*** Opening DATASET RECORDS ***

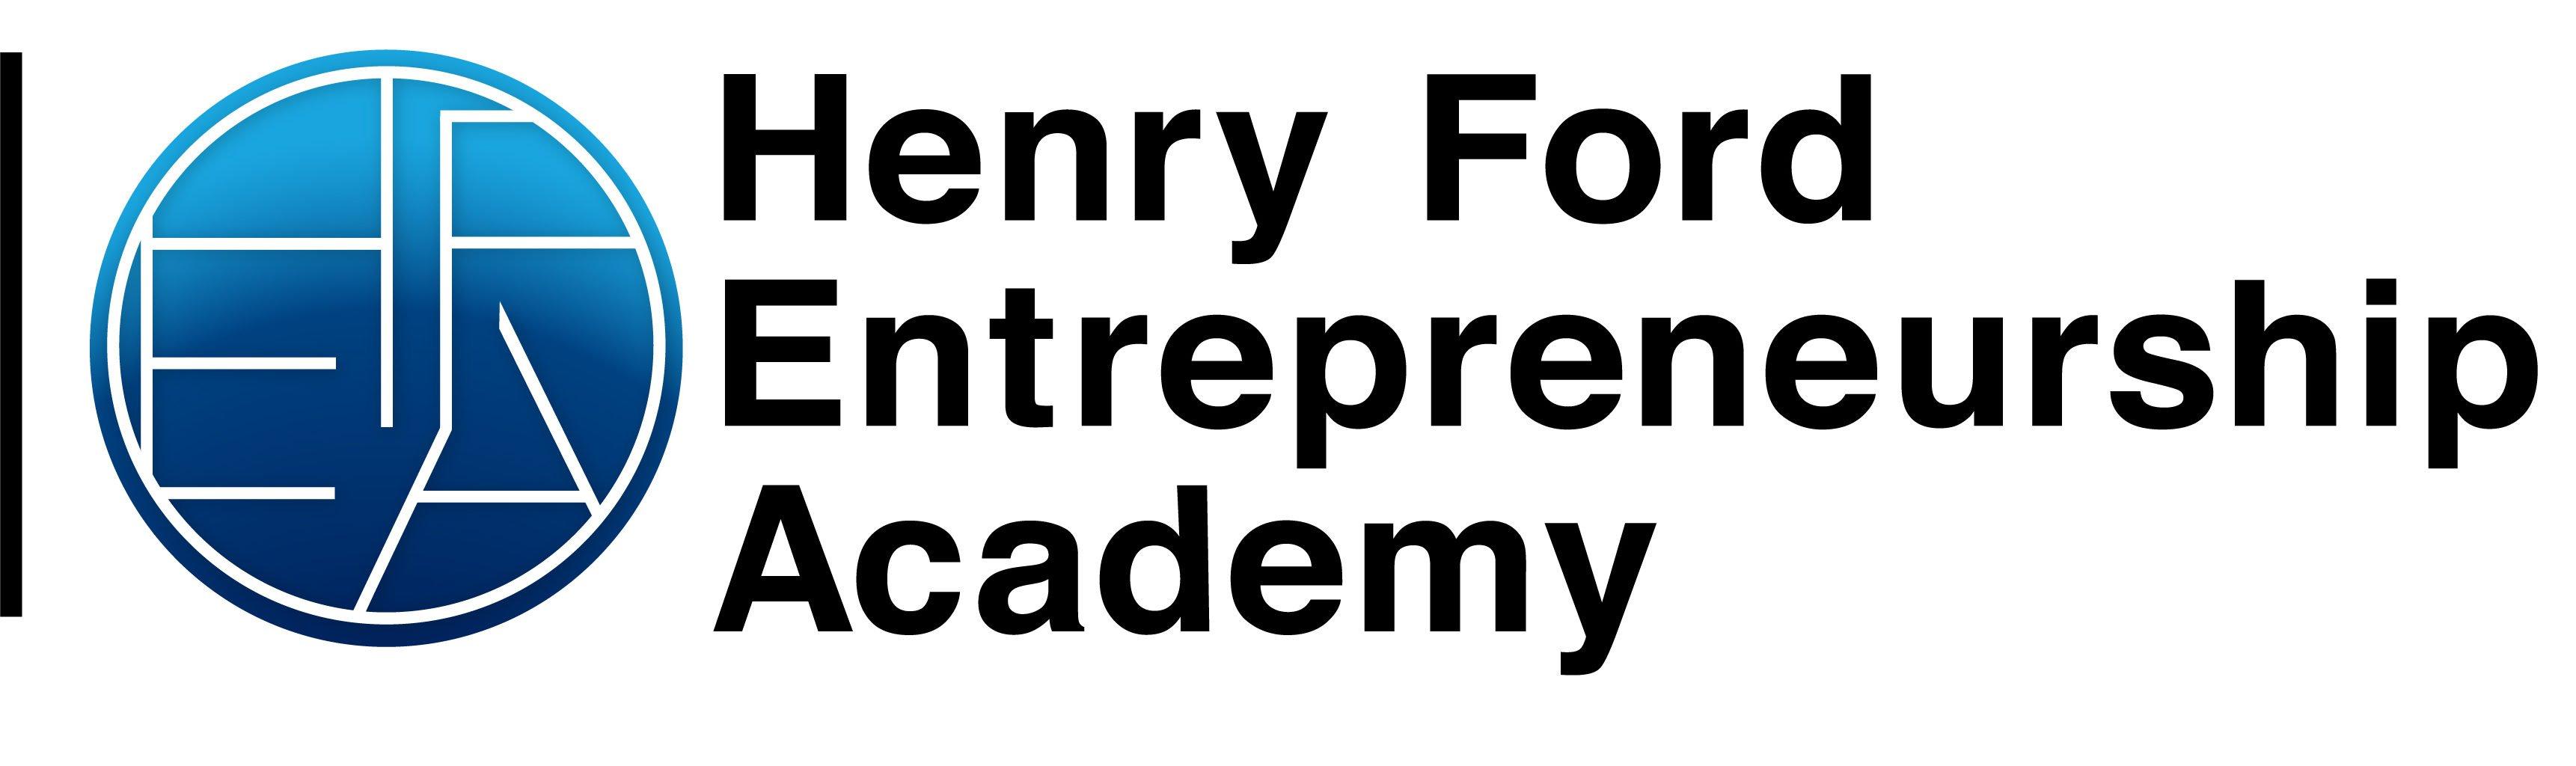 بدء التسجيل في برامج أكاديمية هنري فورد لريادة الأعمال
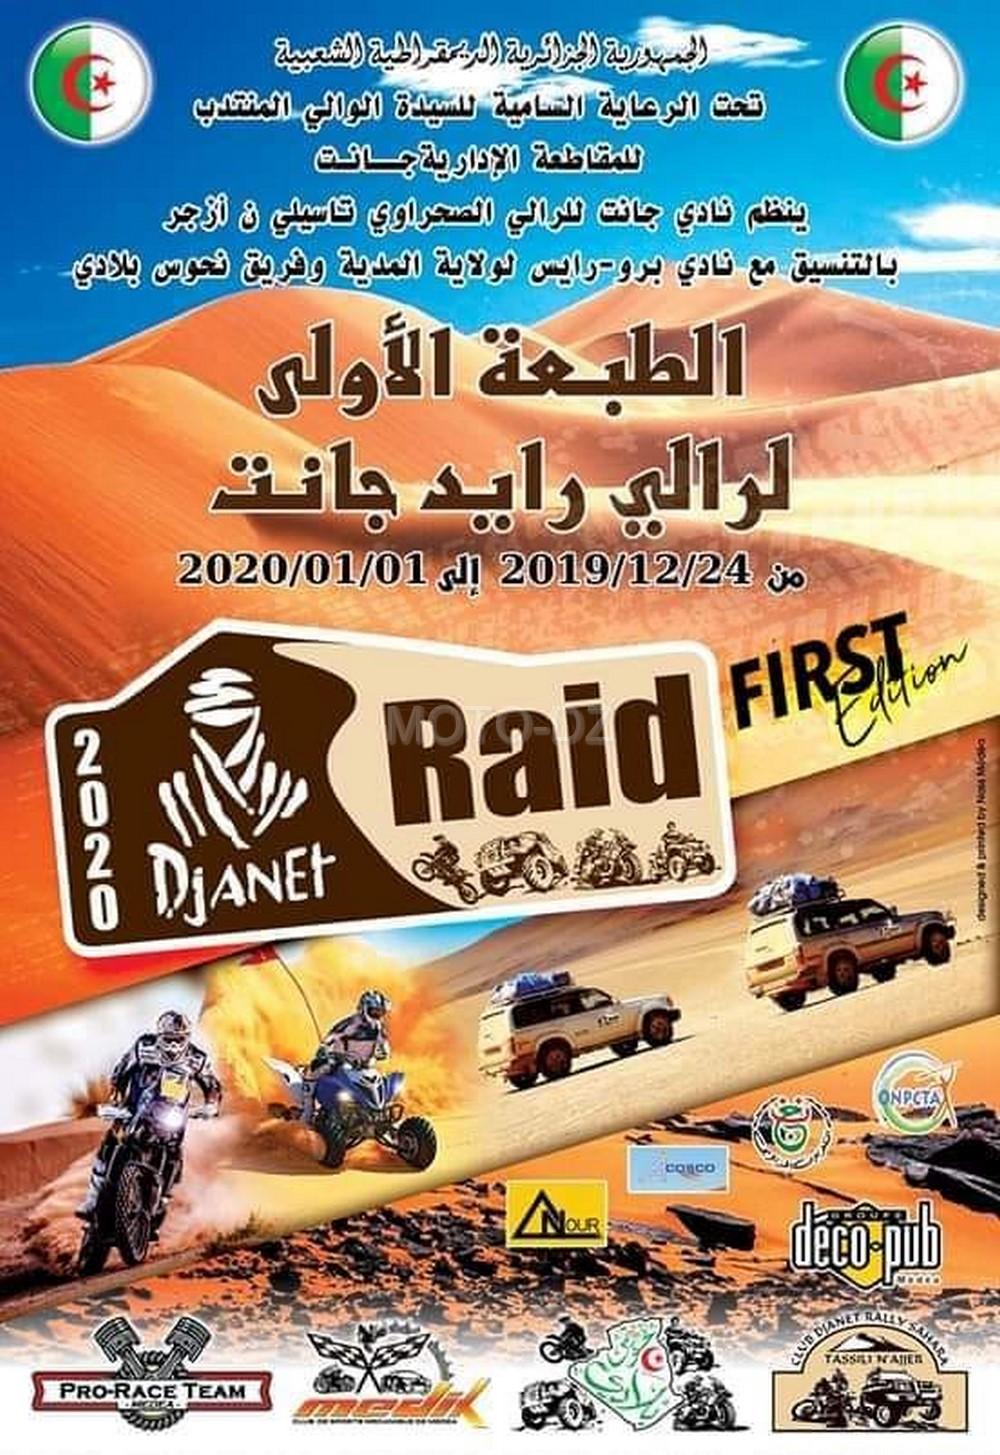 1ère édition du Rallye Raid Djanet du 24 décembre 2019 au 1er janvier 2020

*** Closing DATASET RECORDS ***
*** Opening DATASET RECORDS ***

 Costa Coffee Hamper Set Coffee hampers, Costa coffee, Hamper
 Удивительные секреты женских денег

*** Closing DATASET RECORDS ***

# PROBLEM DESCRIPTION
Within the listing above, the lines from the one with "بدء التسجيل في" through the one with "1ère édition du" are to be given again word for word. Do not include pictures.

# COMPLETED EXERCISE
 بدء التسجيل في برامج أكاديمية هنري فورد لريادة الأعمال
 1ère édition du Rallye Raid Djanet du 24 décembre 2019 au 1er janvier 2020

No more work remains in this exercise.